# Multi-organ segmentation in abdominal CT
### **Authors**
Chen Shen1, Holger R. Roth2, Kazunari Misawa3, Kensaku Mori1
1. Nagoya University, Japan
2. NVIDIA Corporation, USA
3. Aichi Cancer Center, Japan
### **Tags**
Segmentation, Multi-organ, Abdominal
## **Model Description**
This model uses the DiNTS model architecture searched on [Medical Segmentation Decathlon](http://medicaldecathlon.com/) Pancreas [1] and re-trained for multi-organ segmentation from abdominal CT images [2,3].
## **Data**
This model was trained on an abdominal CT dataset in portal venous phase collected from Aichi Cancer Center in Japan. Since this is a private dataset, similar models can be trained using other public multi-organ datasets like [BTCV](https://www.synapse.org/#!Synapse:syn3193805/wiki/89480).
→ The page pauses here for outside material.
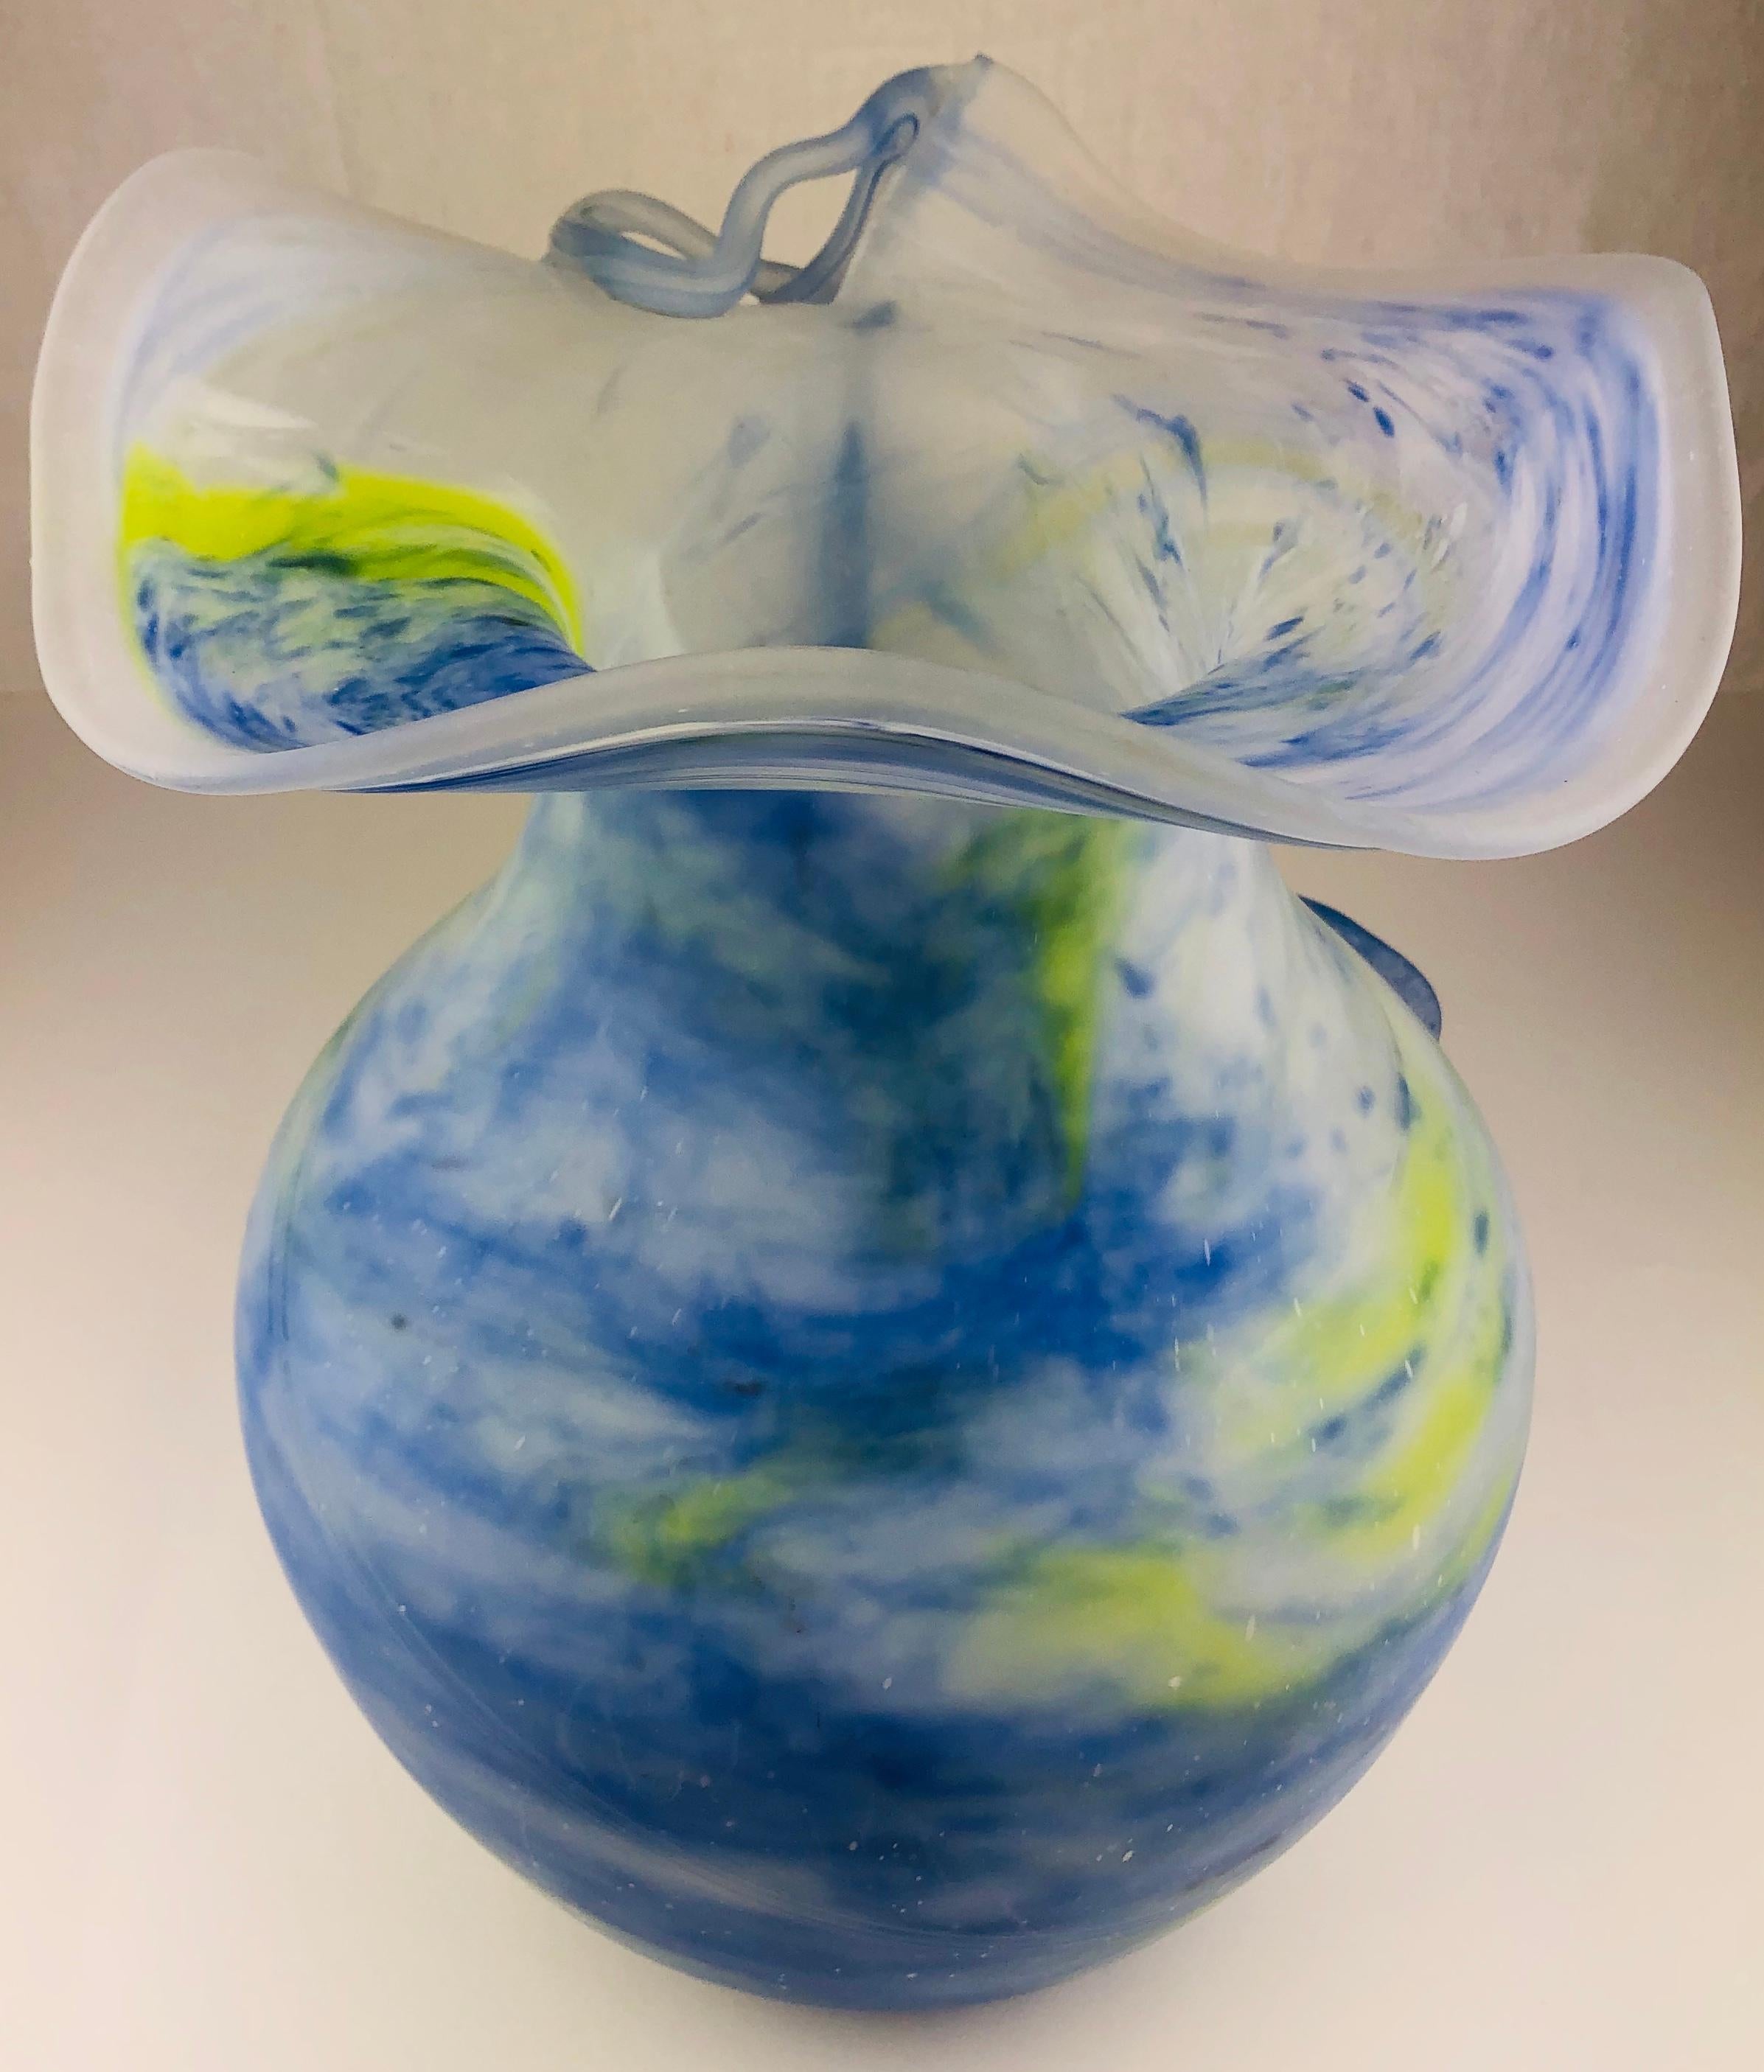 Large Midcentury French Pâte de Verre or Molten Art Glass Vase In Good Condition For Sale In Miami, FL

For this bundle, we split the 420 cases into training, validation and testing with 300, 60 and 60 cases, respectively.
## **Output**
8 channels
- 0: Background
- 1: Artery
- 2: Portal vein
- 3: Liver
- 4: Spleen
- 5: Stomach
- 6: Gallbladder
- 7: Pancreas
Here is an example of output.
## **Scores**
This model achieves the following Dice score on the validation data (our own split from the whole dataset):
Mean Dice = 88.6%
## MONAI Bundle Commands
In addition to the Pythonic APIs, a few command line interfaces (CLI) are provided to interact with the bundle. The CLI supports flexible use cases, such as overriding configs at runtime and predefining arguments in a file.
For more details usage instructions, visit the [MONAI Bundle Configuration Page](https://docs.monai.io/en/latest/config_syntax.html).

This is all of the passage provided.